Он стоит и молчит, и глядит на нее горящими угольями: но Катя перемогла себя: во мгновение ока пережила она бурную его жизнь; внутренним оком его она провидела паденье; но она провидела и кару, нависшую над ним: ей показалось, что его голова излучает невидимое, мозг сжигающее, пламя; но она не знала, что адское это пламя – его завтрашний день. Она пережила все и все простила.
– Принимаю тебя всяким…
Он опустился на колени в сырую траву, в крапиву, а она горестно поцеловала его в его пламенный лоб.
Вот уже поднялся с земли, опоясанный силой ее любви для будущей битвы.
Безобразники
Палашка, барынина прачка, на прудике полоскала белье: она была мягкая, белая, полная, розовощекая; желтенькие на щечках ее цвели веснушки, а белые полные ножки наполовину в воде были подоткнуты до белых ее колен; растрепались волосики.

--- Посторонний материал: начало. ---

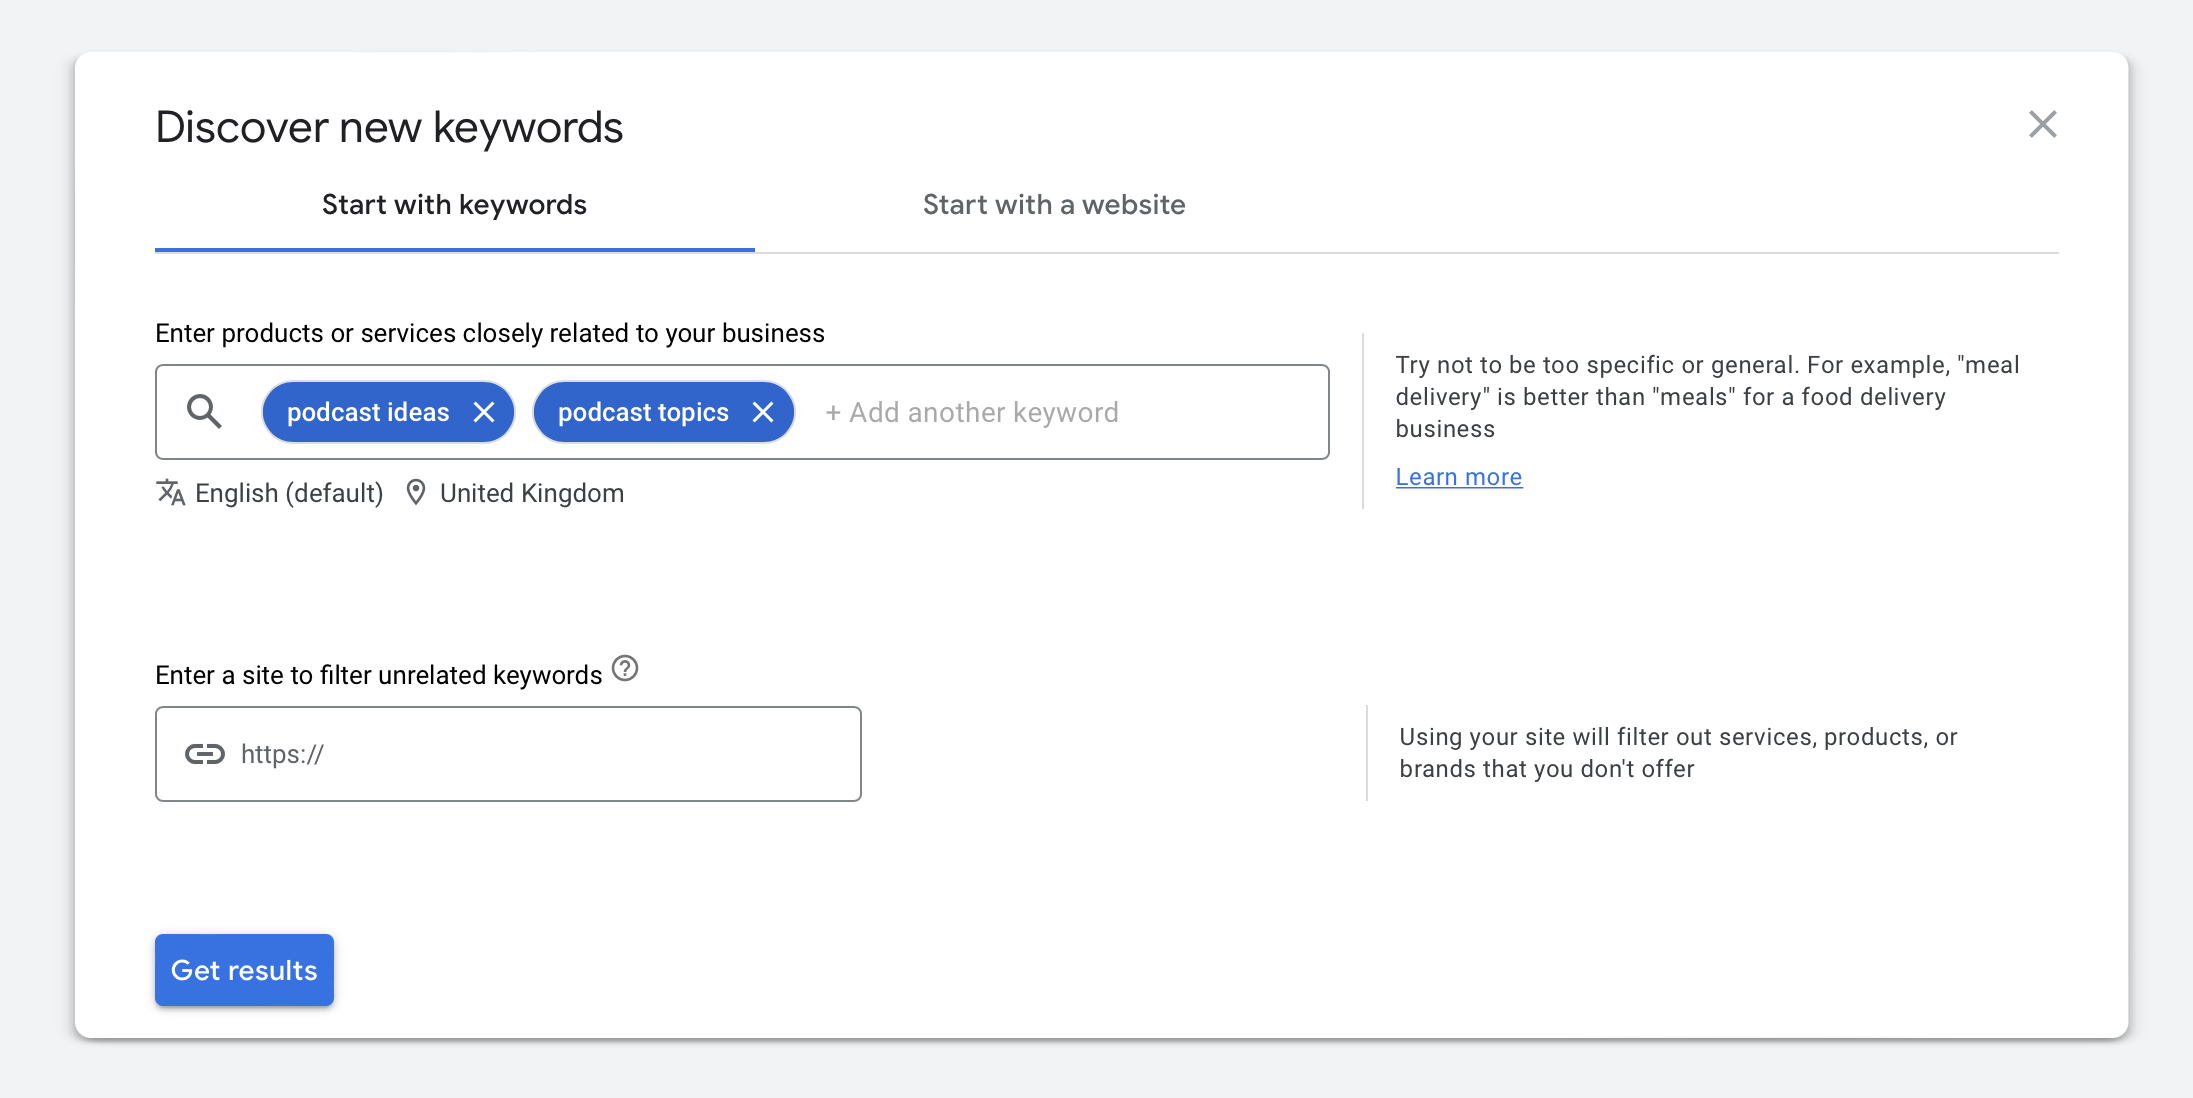 Use Google Keyword Planner to discover new keywords

Когда глянуло солнце, так и забегали по ней его солнечные зайчики: забегали и по голым рукам, и по голым ногам, и по розовой юбке; а в тонких, тонких ветвях, вся в лучах, вся в цветах она была – просто прелесть какая! Так и забегал вокруг генерал Чижиков: «Ишь, старый», – подумала Палашка и усмехнулась.
Генерал Чижиков не удержался: из цветов, из ветвей он напал на нее: «Гозанчик, гозанчик, поцелуй меня!» – и, сделав из рук рожки, граф Гуди-Гудай-Затрубинский белую пощекотал Палашкину грудь, и полез руками за рубашку; запыхтели они и забились, пока вырвавшаяся Палашка, огрызаясь, не хлестанула его по лицу мокрым бельем: «Ишь ты, пристал – вот ужо пожалуюсь барыне!»
Но генерал Чижиков, обтираясь платком, ей послал поцелуй: «Мягкая какая… Везешки не хочешь?»
Тут налетел он на Чухолку, которому надоело сидеть во флигельке; увидев испанскую луковицу, торчавшую из его кармана, генерал Чижиков тотчас же забыл неприятный для себя инцидент. – А, что? У вас ук, испанский ук? Какая пгей-есть! Э, да не бомба ли это?… Давайте-ка укови-цу! – и он выхватил луковицу из кармана казанского студента…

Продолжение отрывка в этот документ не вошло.